Como o volume recolhido em cada cubeta foi 2 mL e temos um total de 13
cubetas, temos que o volume total para a eluição na coluna é de 26 mL. Seguindo este
raciocínio temos para cada corante:
− Azul de dextran: volume inicial = 2 mL e volume final = 10 mL;
− Vermelho de fenol: volume inicial = 12 mL e volume final = 20 mL.
4.b. O que aconteceu com o volume de amostra recolhido em relação ao que foi
aplicado e por quê?
O volume final da amostra aumentou em muitas vezes em relação ao volume
inicial. Isso ocorreu pela diluição ocorrida durante o processo de separação na fase
estacionária e a constante adição de fase móvel.

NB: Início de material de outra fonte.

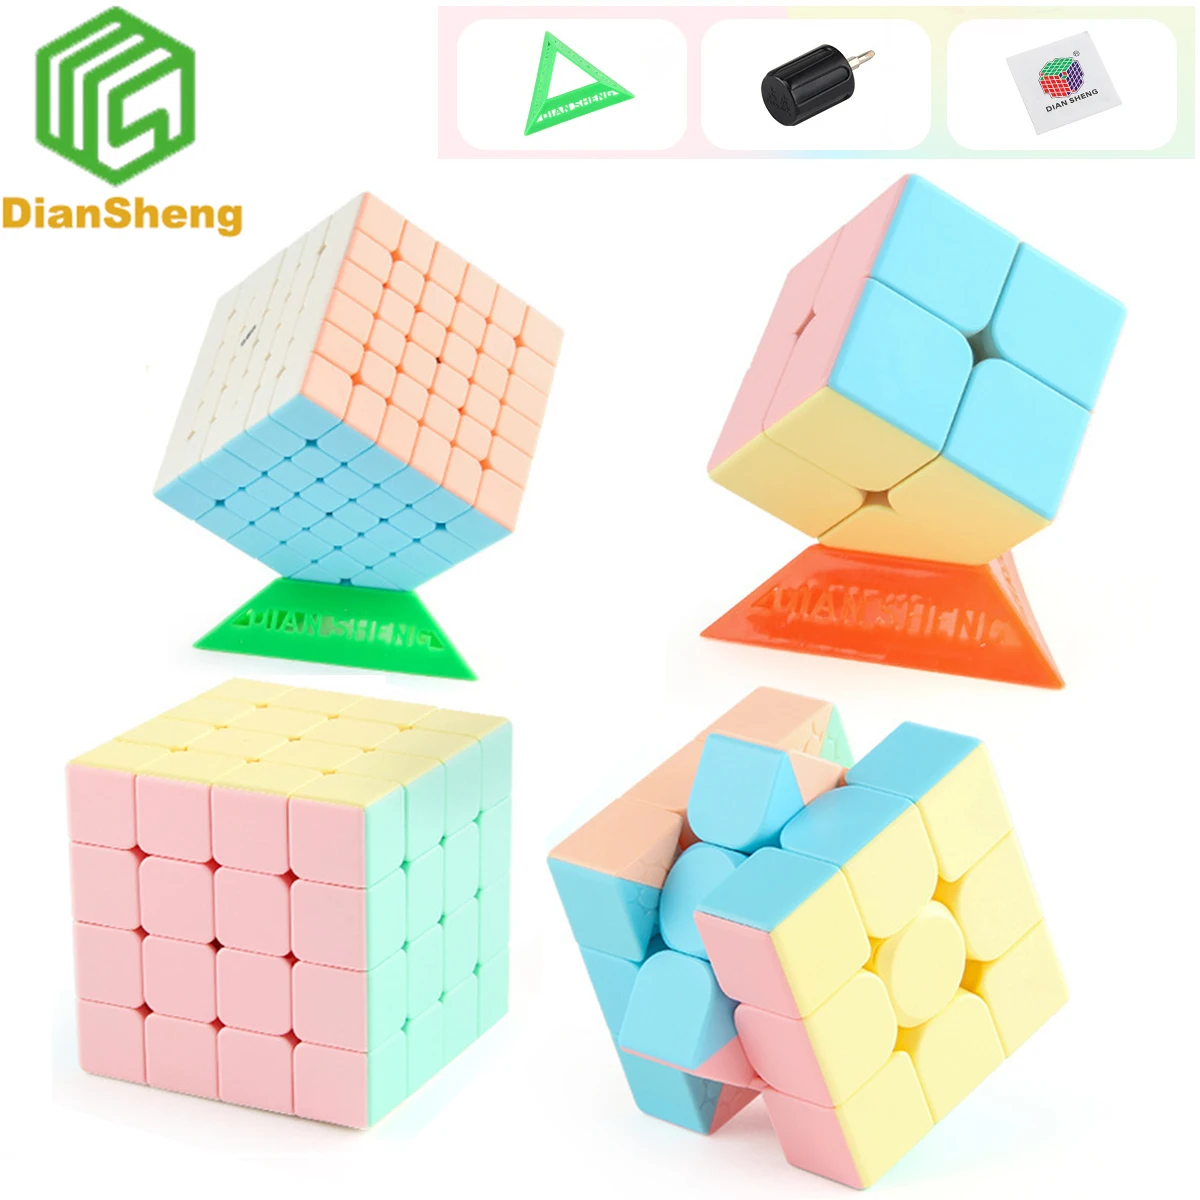 DianSheng Maracon Magic Cube Stickerless 2x2 3x3 4x4 5x5 6x6 7x7 Megaminx  Speed Puzzle Cubes Toys Cubos Magicos for Children - AliExpress

4.c. Como você procederia caso desejasse trabalhar com maior volume de amostra?
Para se trabalhar com volume maior de amostra, seria necessária uma coluna
cromatográfica maior, para que possa suportar maior volume de fase estacionária.
Isto provocaria uma maior eficiência de separação
4.d. Duas moléculas de mesmo peso molecular obtiveram diferentes tempos de
retenção. Explique.
Apesar de terem o mesmo PM, a geometria ou tamanho diferente dessas
moléculas influenciará se elas passarão ou não pelos poros da resina, ou seja, qual
será o seu tempo de eluição pela coluna.
4.e. Você está utilizando uma Sephacryl 5-500 HR. Entretanto, a eluição está
demorando excessivamente o que fazer?
Como a resina Sephacryl é um gel mais rígido, mais viscoso que a Sephadex,
ou seja, é mais resistente a passagem da fase móvel, apresentando assim maior
tempo de corrida. Para resolver essa situação pode aumentar a pressão da fase
móvel, para assim aumentar a velocidade de eluição.
4.f. O que fazer quando a única chance de separação de duas substâncias é através
do aumento do “mesh” da resina e da implantação do números de pratos teóricos?
O grau de reticulações, ligações cruzadas entre as cadeias, determinam o
mesh de uma resina. Quanto menor o número de ligações cruzadas entre as cadeias,
maior será o tamanho dos poros (maior o mesh). Então para aumentar o mesh de uma
resina basta utilizar uma com menor grau de reticulação. Porém este aumento do
diâmetro da partícula, piora a separação, tal fato pode ser compreendido pela
Equação de Van Deemter, uma vez que aumenta a altura dos pratos teóricos,
diminuindo o número total dos mesmos. Uma forma de diminuir esse problema gerado
pelo aumento dos poros da resina é aumentar a velocidade da fase móvel através do
aumento de pressão. Esse aumento tem que ser controlado, pois se não pode
danificar a integridade física da resina.
4.g. Como você calibraria a sua coluna?
Para calibrar a coluna, utilizaríamos padrões conhecidos de um determinado
analito, anotando seu tempo de retenção, as condições do meio, altura e tipo da fase
estacionária, além da fase móvel utilizada. Uma vez que, o mesmo analito apresenta o
mesmo tempo de retenção caso todas as condições da eluição.
5. CONCLUSÃO
A cromatografia líquida clássica se mostrou uma boa técnica para separação
de corantes, com um alto tempo de análise.
6. BIBLIOGRAFIA
− COLLINS C. H.; BRAGA G. L; BONATO P. S. org. Fundamentos de
Cromatografia. Campinas − SP. Unicamp, 2009.
− de Química Analítica, Editora Thomson, tradução da 8ª edição, 2006.
− POP 009e1r3 – Cromatografia Líquida de Gel Filtração. IFRJ, 2008.
− The Merck Index Thirteenth Edition on CD-ROM,2011. Merck & Co., Inc.,
Whitehouse Station, New Jersey, USA.